Coût de vie réel à Marrakech pour un retraité expatrié
Le Maroc figure parmi les destinations les moins chères pour les retraités européens. Les charges courantes (alimentation, transports, santé de base) représentent une fraction de ce qu’elles coûtent en France. En revanche, certains postes sont sous-estimés.
La couverture santé reste le point sensible. Le système public marocain ne couvre pas les soins au même niveau que la Sécurité sociale française.
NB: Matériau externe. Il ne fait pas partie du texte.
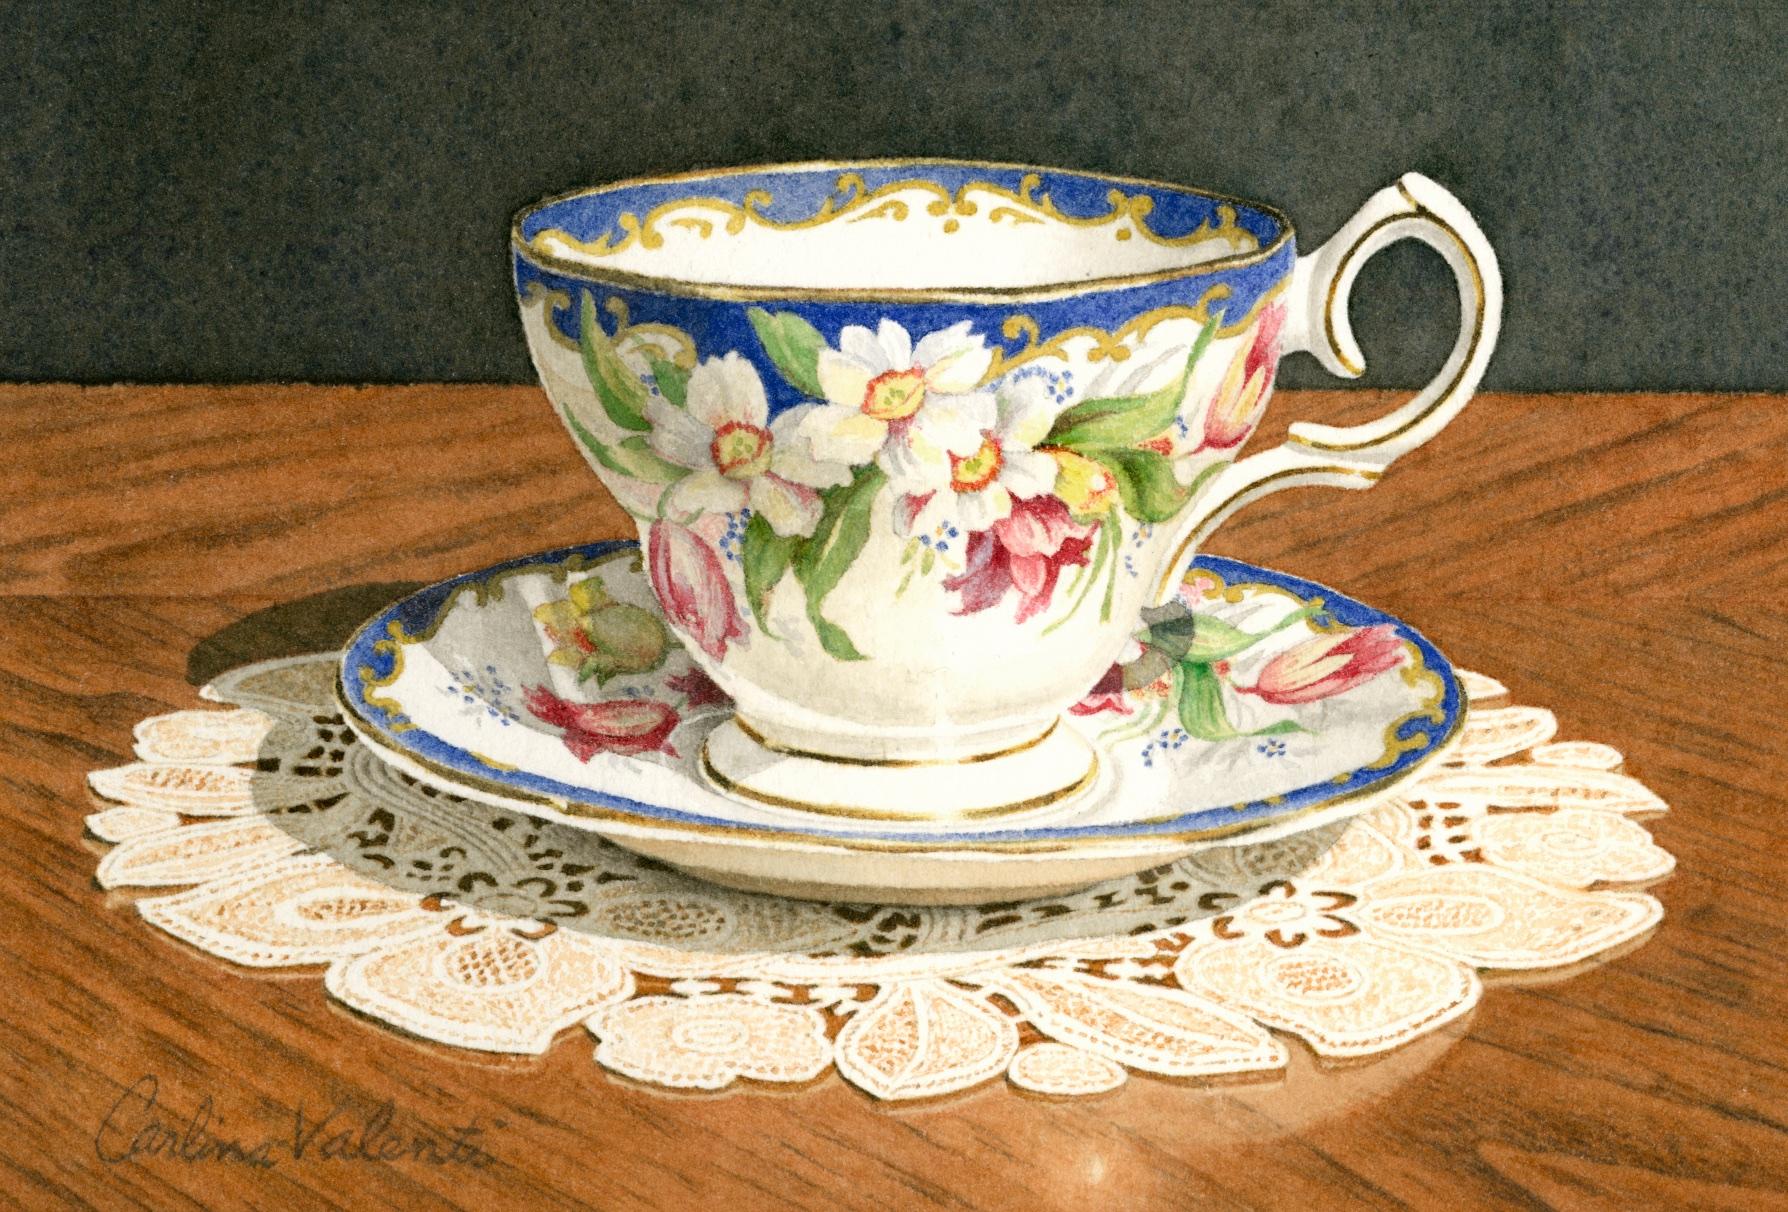 Floral Teacup 1

La plupart des retraités expatriés souscrivent une mutuelle internationale ou une assurance privée locale, dont le coût augmente avec l’âge.
L’obtention d’un certificat de vie annuel, nécessaire pour continuer à percevoir sa retraite française depuis le Maroc, suppose des démarches auprès du consulat ou des autorités locales. Des retards dans ce certificat peuvent suspendre temporairement le versement de la pension, un risque concret signalé par plusieurs sources administratives.
Investissement locatif ou résidence principale : deux logiques distinctes à Marrakech
Certains retraités envisagent d’acheter un appartement à Marrakech pour y vivre six mois par an et le louer le reste du temps. Ce scénario hybride pose des questions spécifiques.
La gestion locative à distance nécessite un mandataire local fiable. Les plateformes de location courte durée fonctionnent bien à Marrakech grâce au flux touristique, mais les revenus locatifs sont soumis à l’impôt marocain et doivent être déclarés en France au titre de la convention fiscale bilatérale.
En revanche, occuper le bien à titre de résidence principale simplifie la situation fiscale et administrative. Le statut de résident fiscal marocain ouvre droit aux abattements sur pension décrits plus haut, tandis qu’un usage mixte peut compliquer la qualification de résidence habituelle.
Un projet d’achat d’appartement à Marrakech pour la retraite se prépare autant sur le plan notarial et bancaire que sur le choix du quartier. La convention fiscale franco-marocaine évite la double imposition, mais elle ne dispense pas de vérifier chaque mécanisme avec un conseiller fiscal familier des deux juridictions. Le cadre évolue, comme le montre la réforme des pensions marocaines prévue pour 2026, et ce qui est vrai aujourd’hui peut changer dans les années qui viennent.